I’ve checked that we can connect to those servers ourselves, and I’ve checked the IP address whitelists to ensure that Octopus should be granted access, and yet all attempts to have Octopus connect to these servers has failed.
The failures seems to have started between about 5 and 21 hours ago - sometime overnight, our time.
Any advice on how we can more precisely determine the cause of the failure? Is there anything going on at the Octopus end that we should know about, that might be a factor?
I can pull the call stack of the failure out of the logs, but it doesn’t seem to say anything very interesting. We already know that the SSH simply cannot find the target.
I’ve checked the instance and other than an update to 2020.3.3 three days ago, there haven’t been any other changes to the instance.
Scanning the Octopus server logs for the past day, the only issue I can see is that your storage limit was reached around 7-8 hours ago causing a lot of of failures with log files and any other process that needs to write to the storage.
It looks like the space being used may have decreased very slightly since then, but it is still hovering near the limit: 19.01 / 20.00 GB. You will need to review the retention policies in place within lifecycles and the package repository to work on reducing this.
To look into the issue any further I’ll need to log in to your instance, are you happy for me to do this?
Regarding the storage space, yes, I’m aware that we hit the limit earlier today, and I deleted a number of unneeded packages to reduce the amount of space in use.
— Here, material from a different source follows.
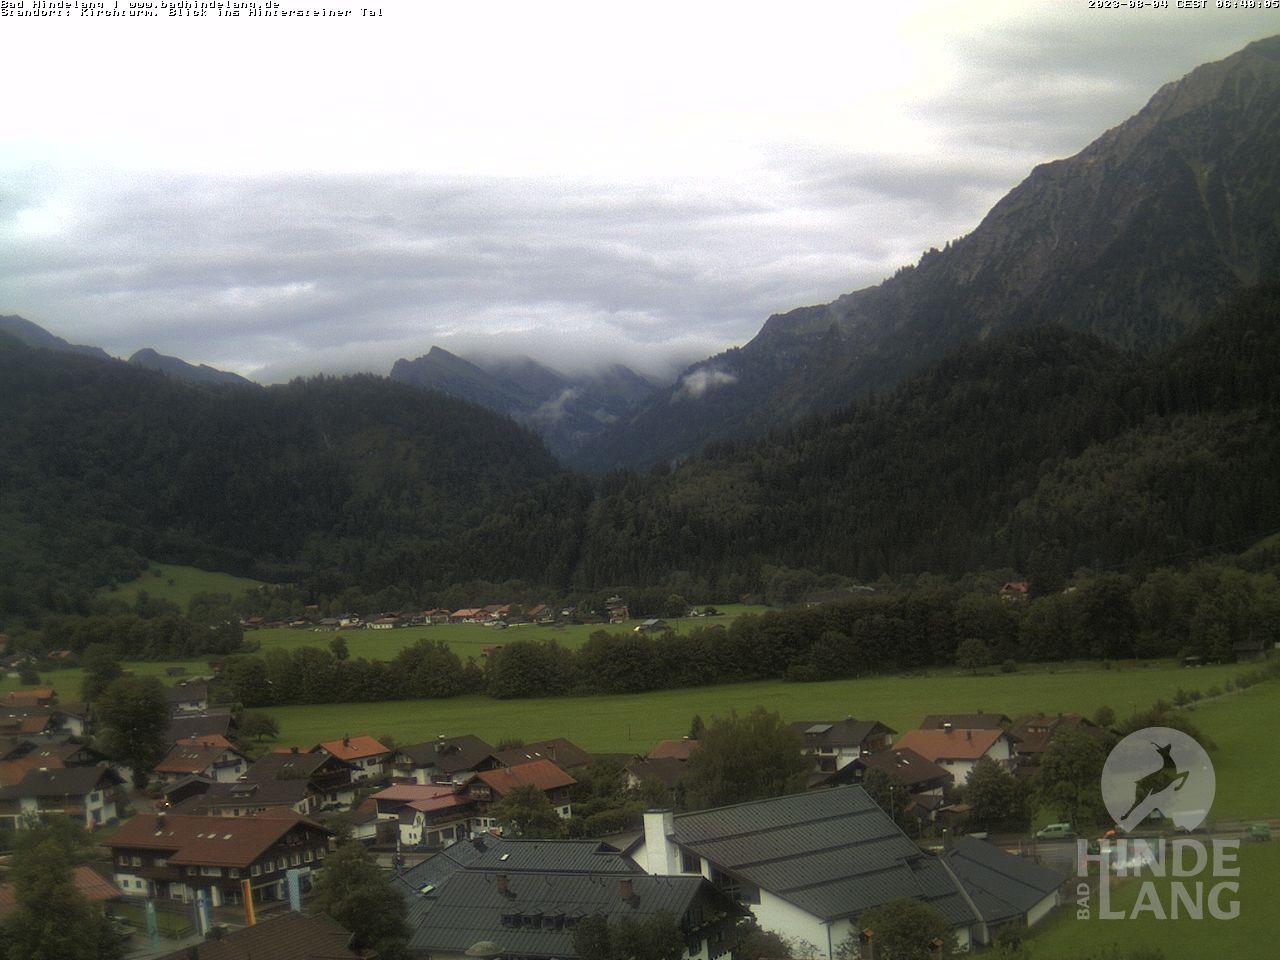 Webcam Standort Kirchturm Bad Hindelang mit Blick Richtung Hinterstein

Obviously this is only a stopgap measure.
Well, just as mysteriously as the connections started failing one night, they started working again the next night.
Since the target servers are also cloud services, there’s only so much “local network infrastructure” to check, but I’ll trawl through logs on the other end to see if I spot anything. At the moment, though, it’s working, so all good.
Thank you for your attempts to identify a cause. I’ll post again if it fails again.